= Edvīns Bārda =

Latvian footballer (1900–1947)

Edvīns Johans Bārda (19 April 1900 in Riga – 28 September 1947 in Liverpool) was a Latvian footballer and manager, the eldest and most popular of the four football-playing Bārda brothers.

==Biography==

Edvīns Bārda started his career in 1921 when he joined JKS Riga – the strongest Latvian football club at the time. He played with the side in 1921 and 1922, in 1922 he also took up coaching the team. Later in 1922 he played briefly with ASK Riga until he ended up with the newly founded RFK – the leader in Latvian football in the years to follow, plus he actively participated in the formation of the club in its early years. Along with his brother Arvīds he was selected to play in the first ever international match for Latvia on 24 September 1922. Just two minutes into the friendly match against the Estonia national football team, Edvīns Bārda scored the first ever goal for Latvia national football team. In total between 1922 and 1925 Edvīns Bārda played eight international matches for Latvia scoring five goals, including Latvia's participation at the 1924 Summer Olympics.

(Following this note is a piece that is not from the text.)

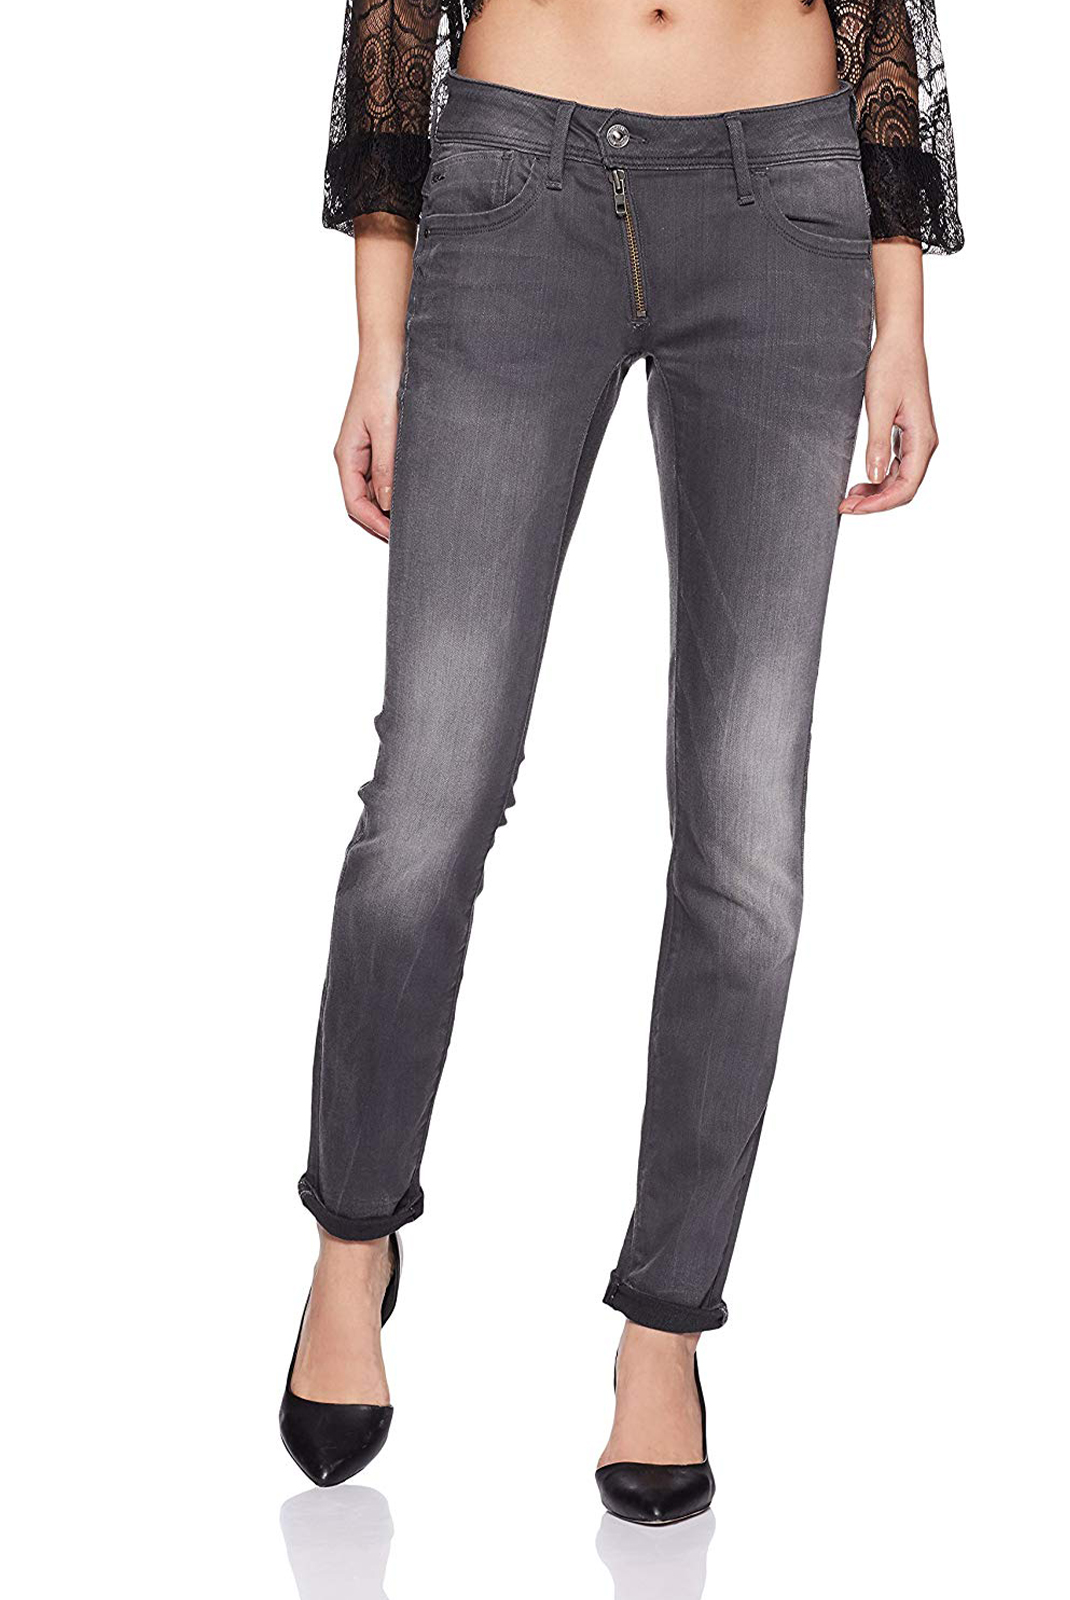 Jeans   G-star 60887-6132-071 lynn gris

Edvīns Bārda, the goal hungry forward who was always battling for every inch on the pitch, was a fan favourite. With RFK he won two Latvian championships in 1924 and 1925. In 1926 Bārda took up coaching Hakoah Riga and a football club in Jelgava, but in 1927 he played again on the field with Amatieris. In later years for some time he was also the coach of SSS Riga.

In 1933 Edvīns Bārda participated in a match of club veterans against the RFK youth squad to celebrate the 10th anniversary of RFK.

Edvīns Bārda died at the age of 47 in Liverpool.